Working in the British Museum was a novel experience for me, although I had experienced conditions in a large library, like the National Library of Wales. First of all, an application for a Reader’s ticket, signed by a responsible person such as a Justice of the Peace, had to be made. Fortunately, Mrs Heddle was a J.P. and readily signed my application. 

The Reading room was restricted only to those doing genuine research. It was a huge circular room with long benches radiating like the spokes of a wheel from a kind of central rotunda, where you tendered slips for each of the books you wanted to consult. A ‘bench’ is hardly the suitable description for a long row of what might be described as attached desks, with a similar arrangement on the other side of the row. A fairly high partition prevented you from seeing the readers on the other side. The floor had a rubbery covering which completely deadened the sound made by the toing and froing of readers. 

The maximum number of books you could order at one time was five.
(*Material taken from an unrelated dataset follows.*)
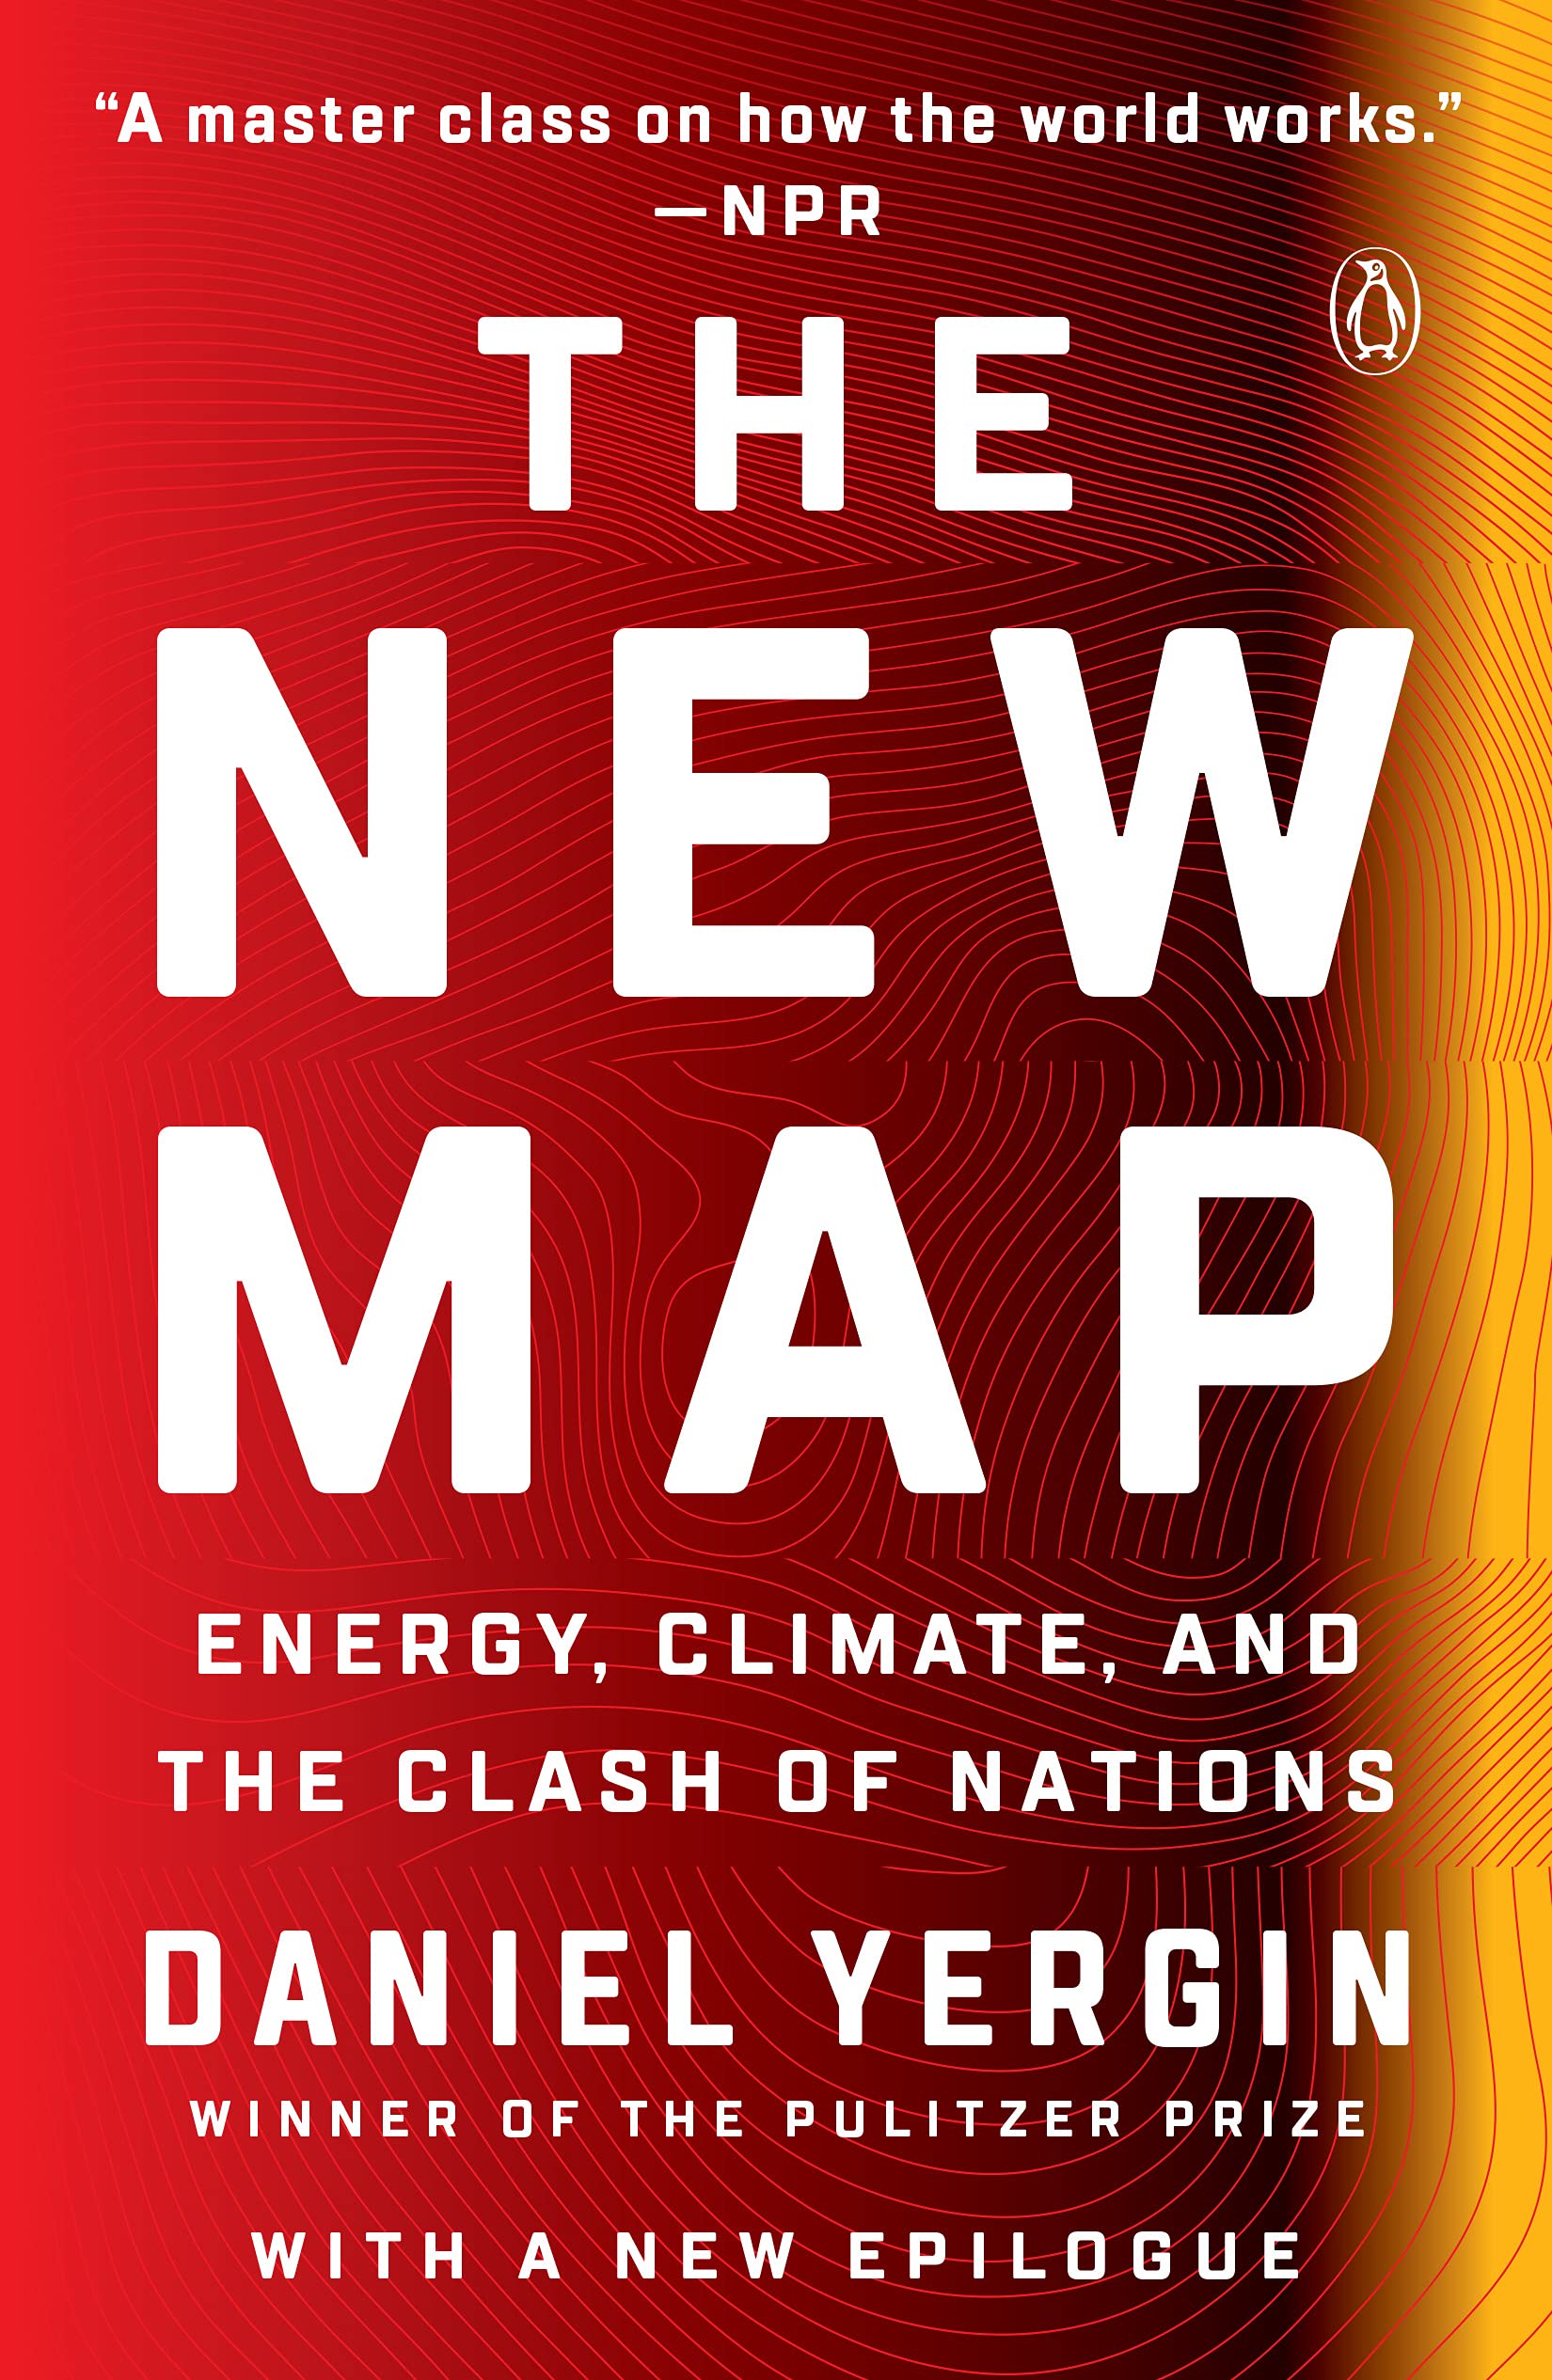 The New Map: Energy, Climate, and the Clash of Nations (eBook) by Daniel Yergin $1.99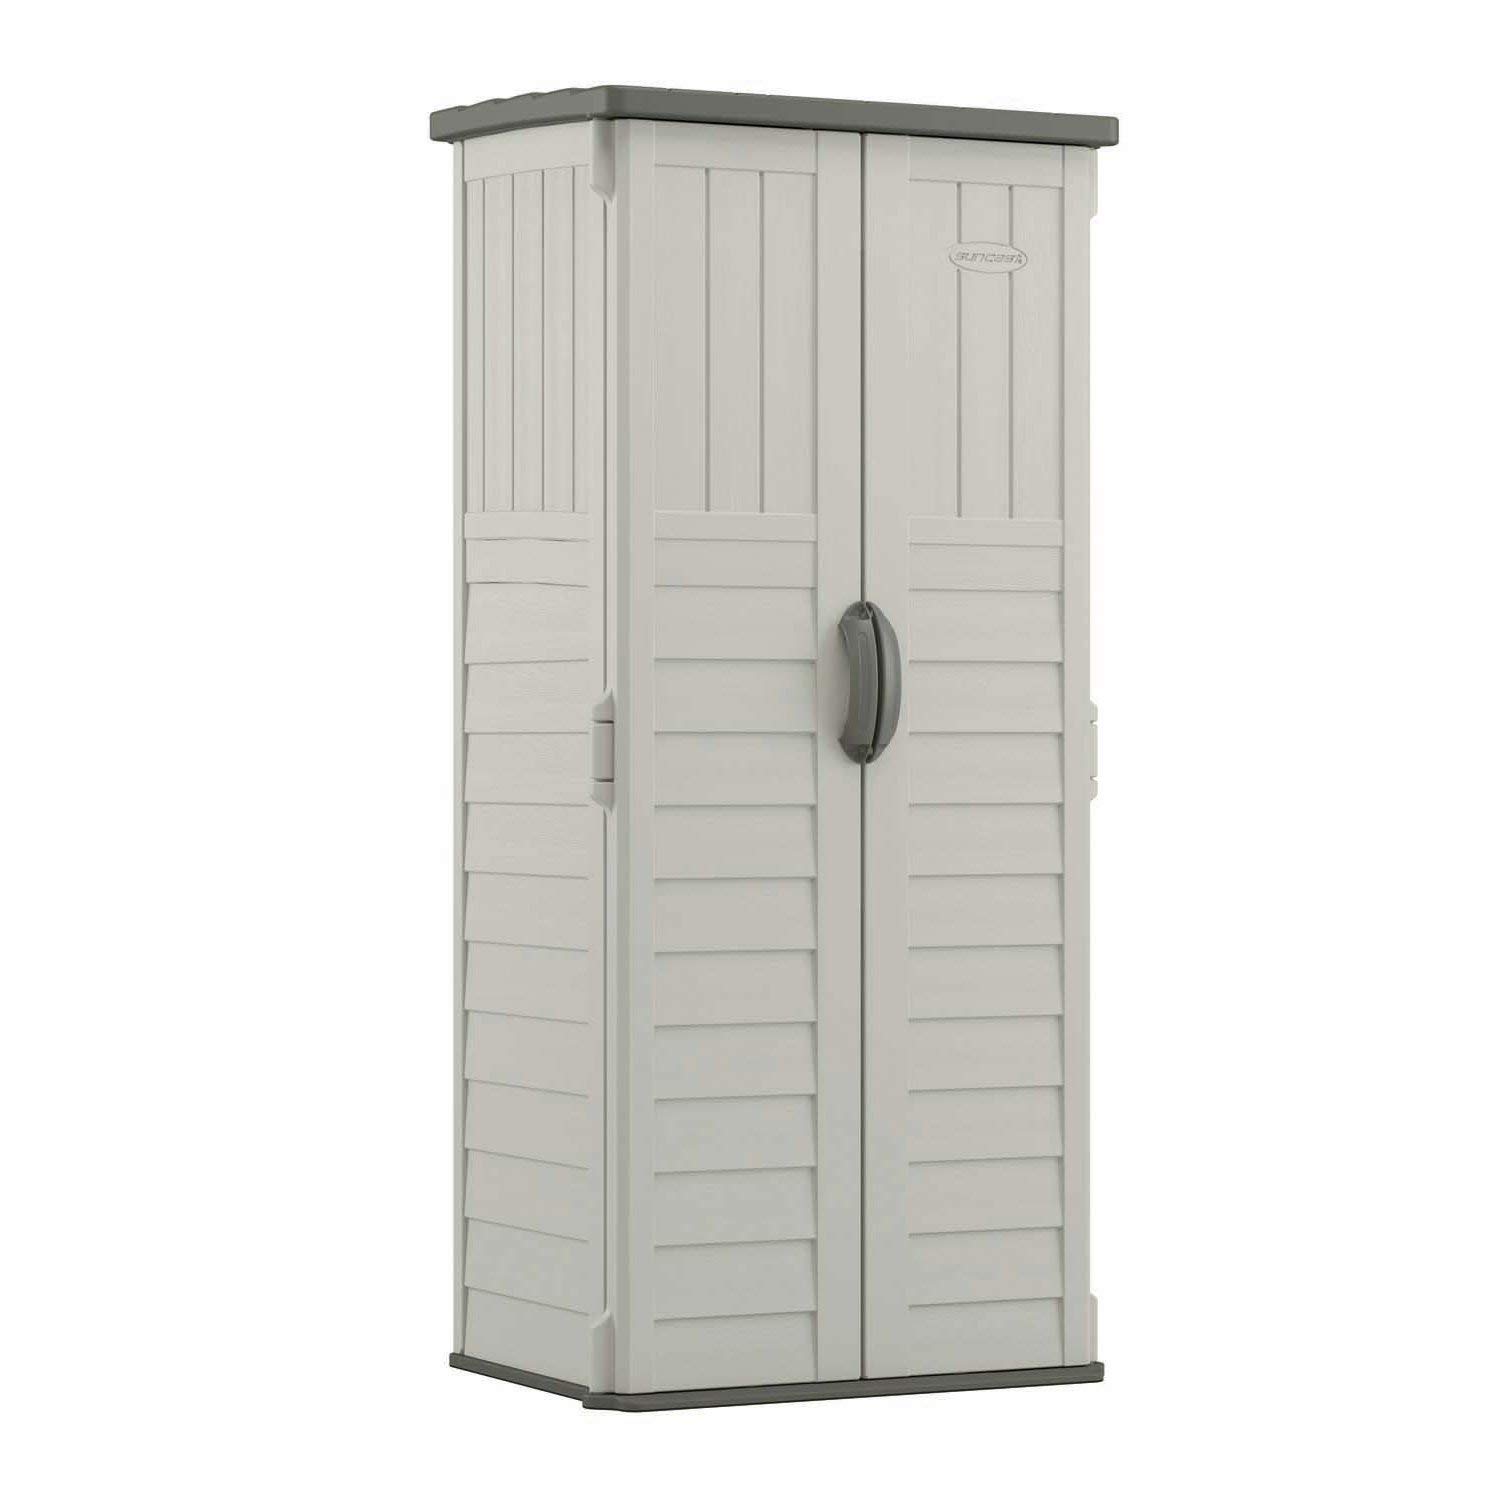 Suncast 22 cu. ft. Vertical Resin Storage Shed for Backyard and Patio, Light Taupe $149

So after finding a suitable desk I submitted the five slips to a librarian in the centre, returned to my desk and waited for the books to be delivered. The wait was usually about an hour. The hour of waiting was generally spent in watching the interesting characters reading nearby or watching them taking their slips to the librarian. Although this wait became boring at times, it was very interesting to watch the peculiar types of readers – some in long robes like those of the Arabs, some with long beards and hair hanging down their backs, not a common sight in those days. 

But what surprised me was that very often you could see some of the very old readers with lolled heads, sleeping over their books. I have seen since such scenes in the Reading rooms of Public Libraries, especially the one in Rhyl – old, and even young, bedraggled down and outs, slumped over daily papers, a convenient shelter in inclement weather but the sleeping readers in the British Museum had had to have tickets showing that they were engaged in research.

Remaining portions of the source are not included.